Goal of the exercise: Reproduce the entries shown below only from the line with "Tarascon - Vue" down to the line with "hivernale et de la Résilience routière", keeping both end lines and copying each one exactly.

Supplied entries:
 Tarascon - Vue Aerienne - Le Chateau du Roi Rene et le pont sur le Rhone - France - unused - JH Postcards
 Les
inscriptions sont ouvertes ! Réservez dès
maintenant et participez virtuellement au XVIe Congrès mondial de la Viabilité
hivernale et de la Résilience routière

...

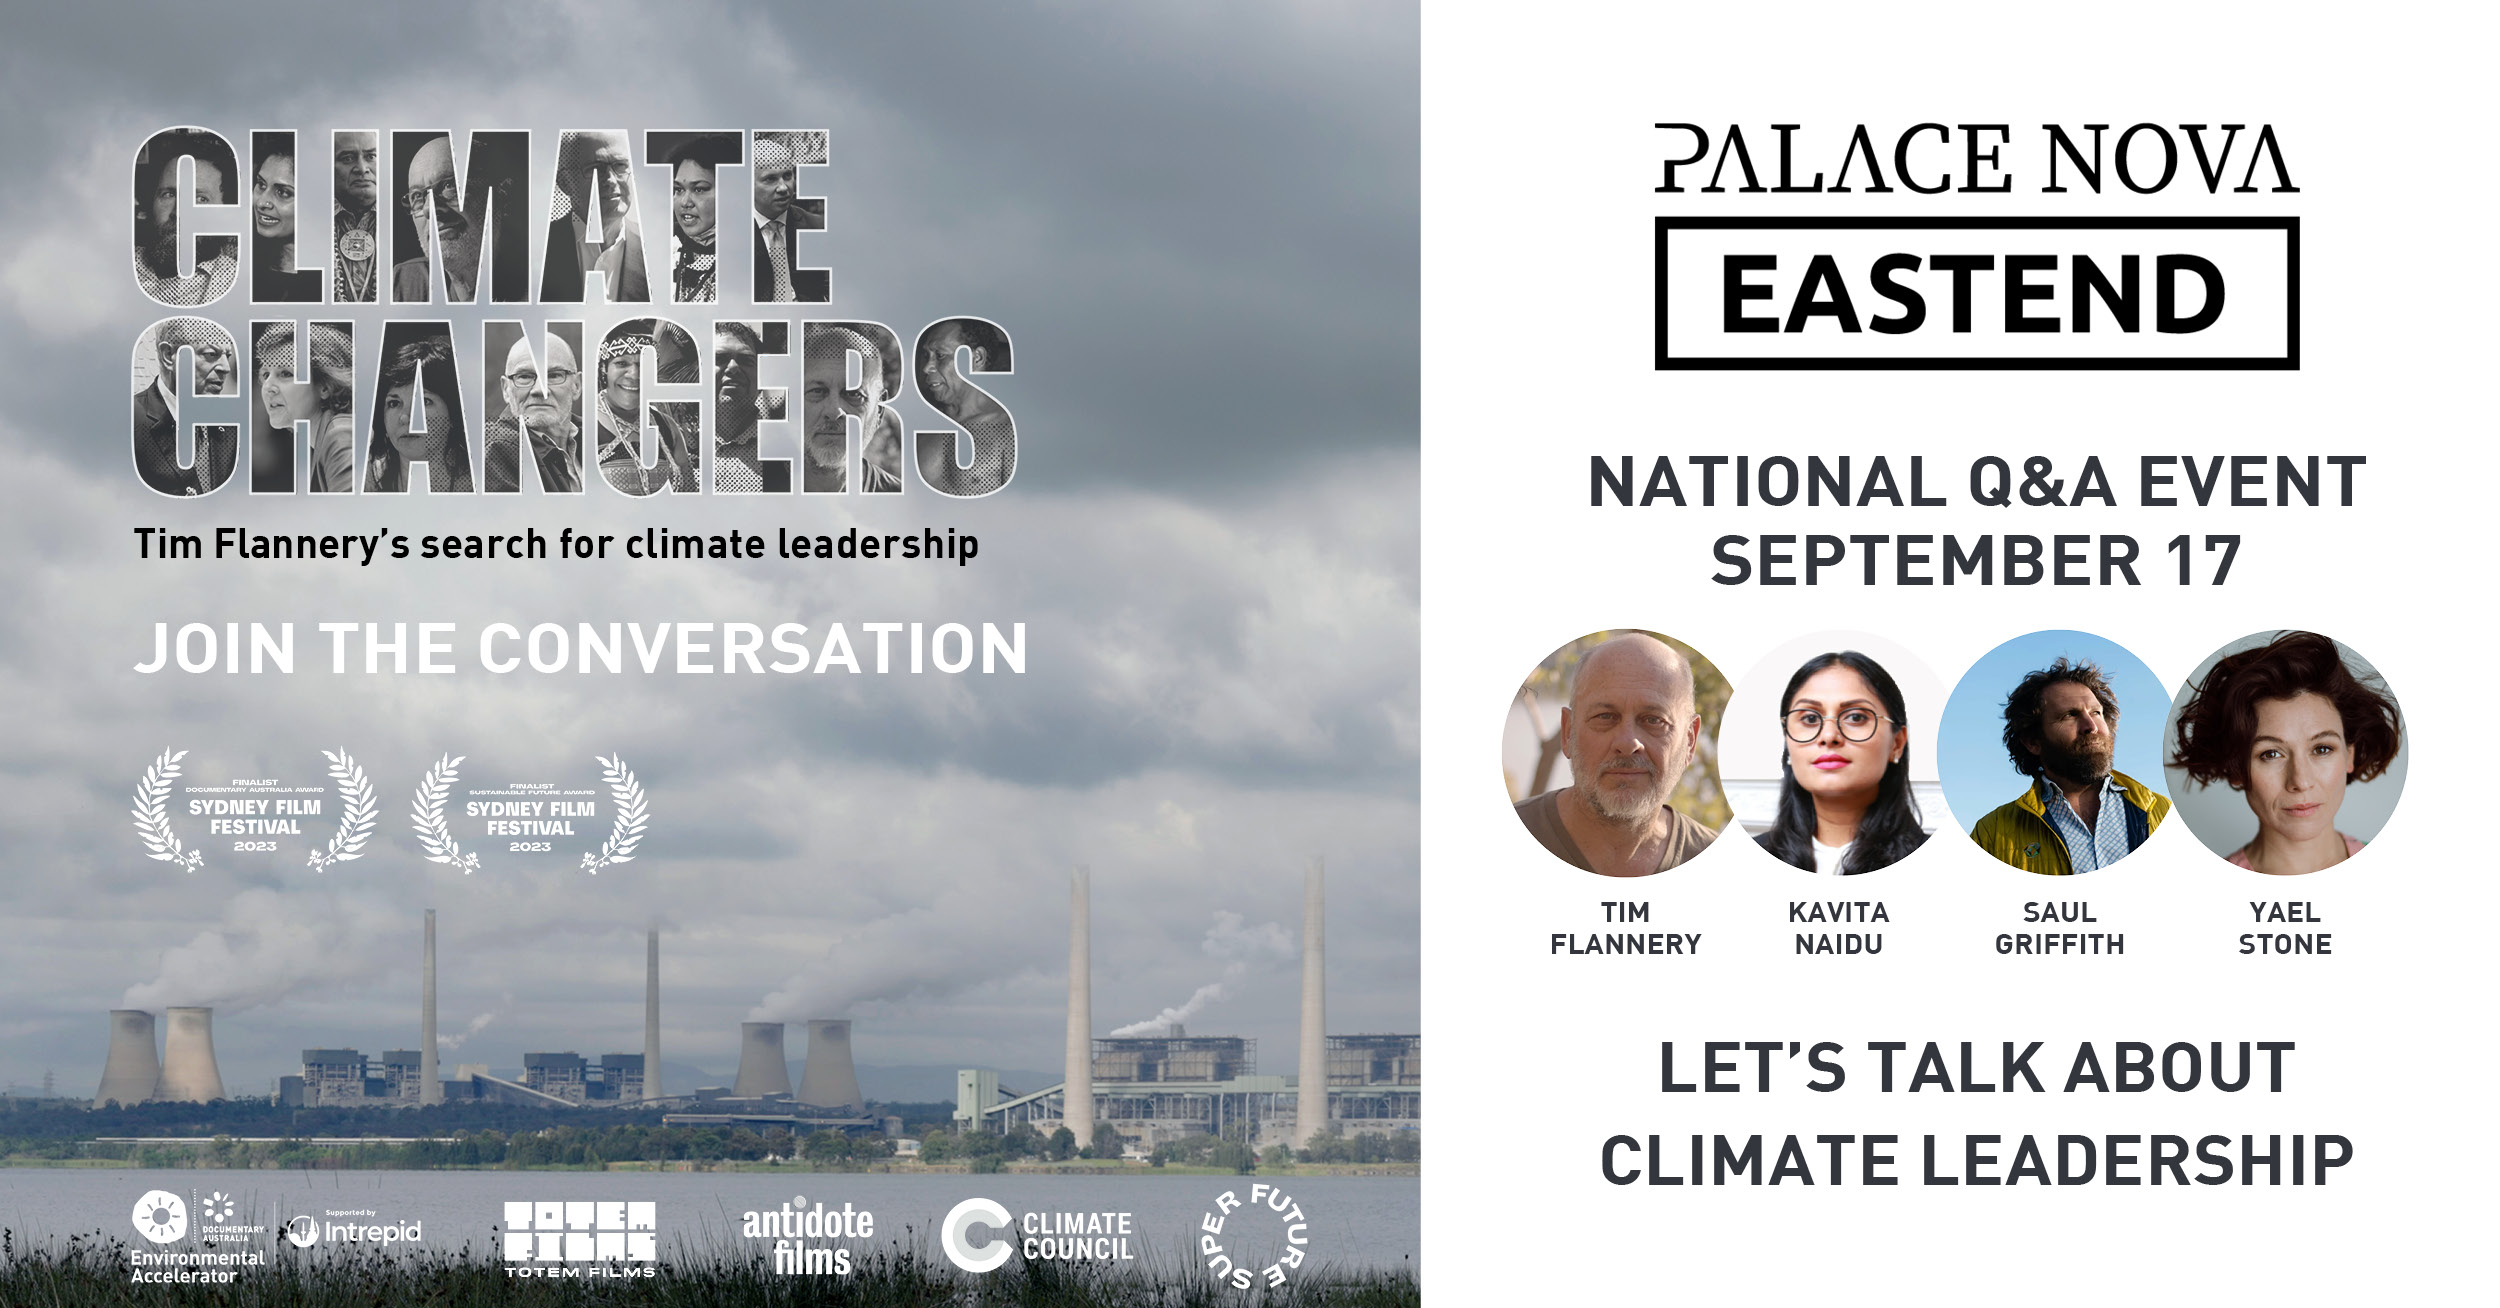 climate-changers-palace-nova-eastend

Result below:
 Tarascon - Vue Aerienne - Le Chateau du Roi Rene et le pont sur le Rhone - France - unused - JH Postcards
 Les
inscriptions sont ouvertes ! Réservez dès
maintenant et participez virtuellement au XVIe Congrès mondial de la Viabilité
hivernale et de la Résilience routière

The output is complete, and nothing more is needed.